The Three Virtues of a GREAT Programmer

According to Larry Wall, the original author of the Perl programming language, there are three great virtues of a programmer; Laziness, Impatience and Hubris.

@bodil The "it's a tool and you just have to check its output" argument enfuriates me like little else does.

Nobody ever fucking does that. People don't even take reviews of real code seriously, and I call bullshit on every sloperator who claims to have read and understood the output of their oversized autocomplete engine.

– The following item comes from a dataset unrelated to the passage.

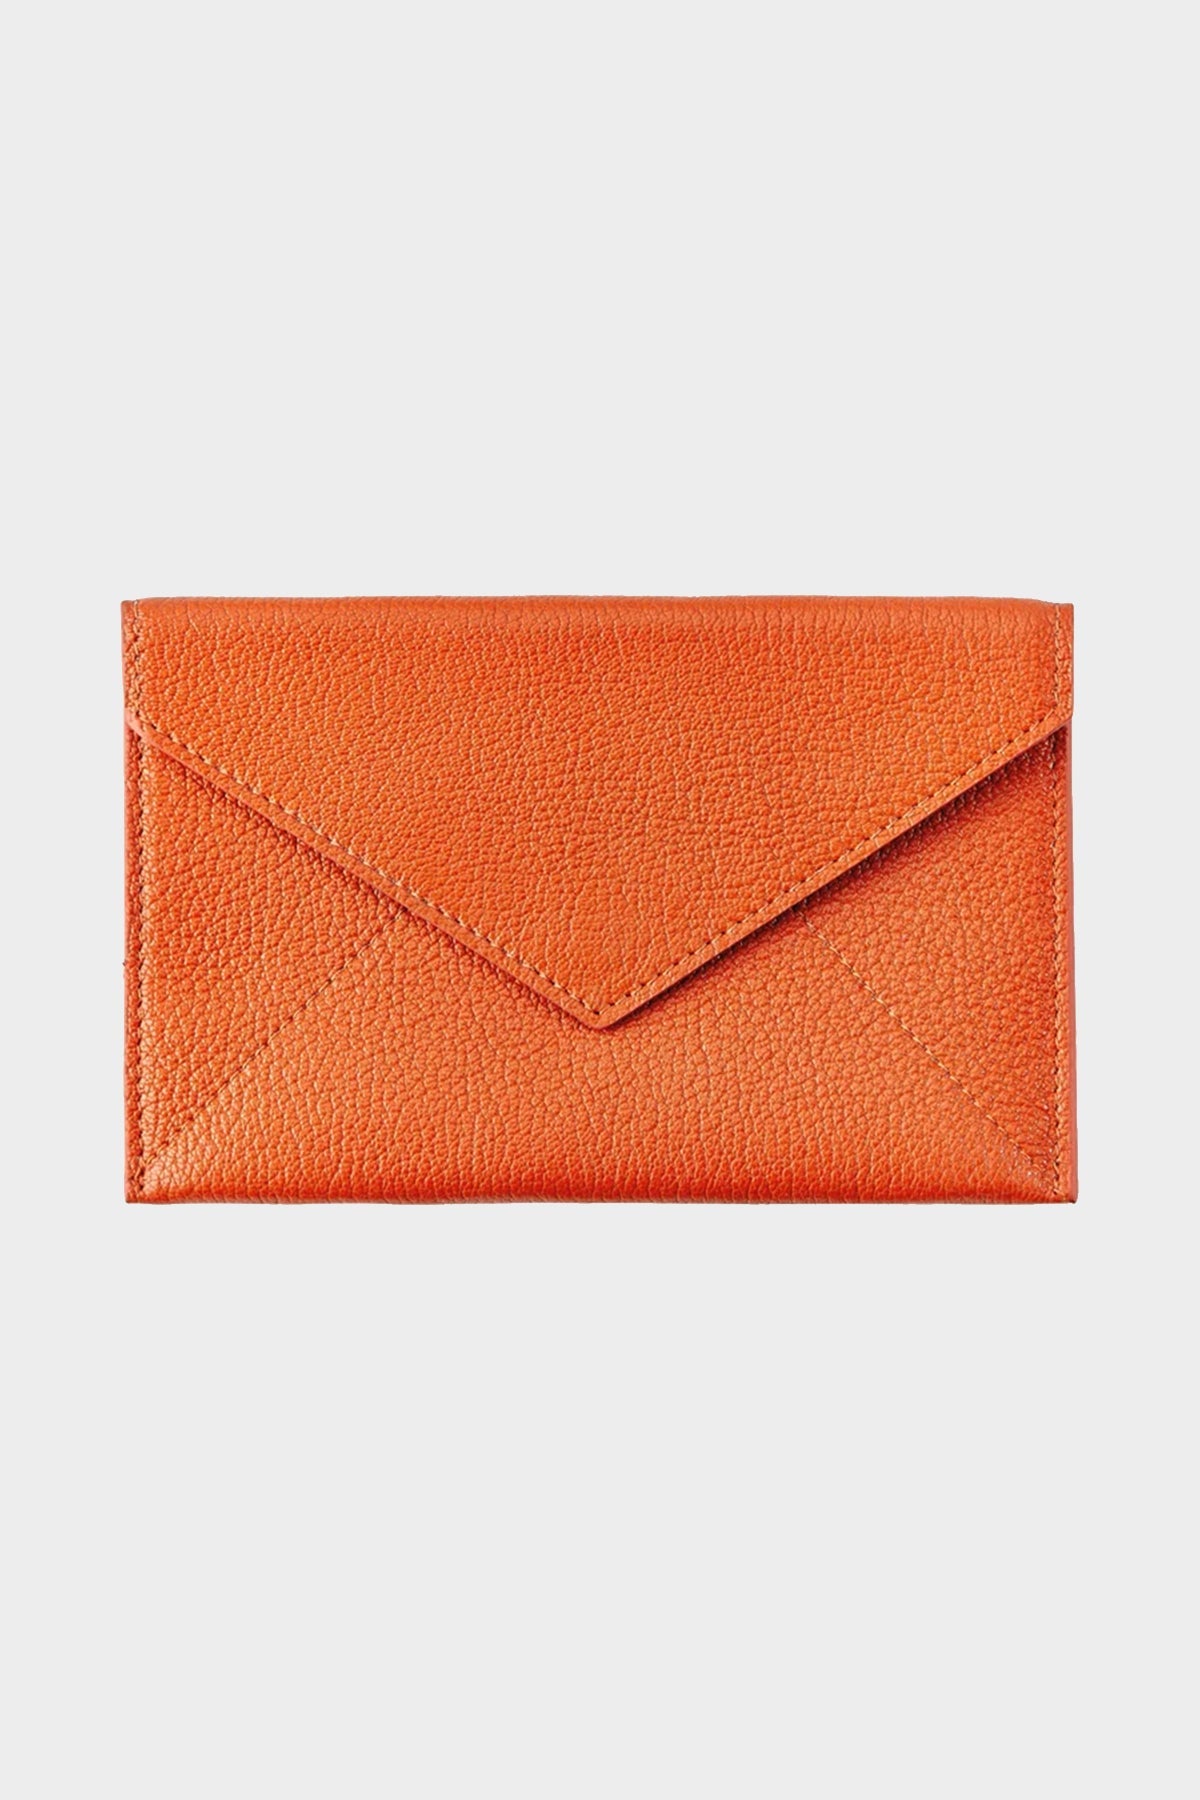 Orange Goatskin Leather Medium Envelope - shop-olivia.com

And don't get me started on the asshats who also let the slopthing write their docs. Or their business emails. Or anything else, really.

@bodil
It does seem to work though? A lot of users think that their product is good, or even the best, and that it keeps improving.

It may be built from bubblegum and clotheshangers, but apparently that works just as well as good engineering.

At least in short run. It may give them headaches in the long run. But a company like anthropic will be ecstatically happy if they make it to the long run at all.

@bodil I use claude for programming and it takes a couple of iterations to get good code.

This versus "lets just ship it" approach. It's the same copied-from-stackoverflow quality you previously got from some offshore teams. Passes functional requirements = done.

@bodil I never use these tools, but yesterday I was using libcbor for the first time and decided giving chatgpt a try to generate a small snippet to decode a simple structure. It introduced two memory leaks (didn't call cbor_decref() on extra references it created). Told it if it shouldn't be calling cbor_decref() on those, and it confidently said you must not because those references were borrowed (wrong, and the documentation states clearly they aren't 🤷‍♂️).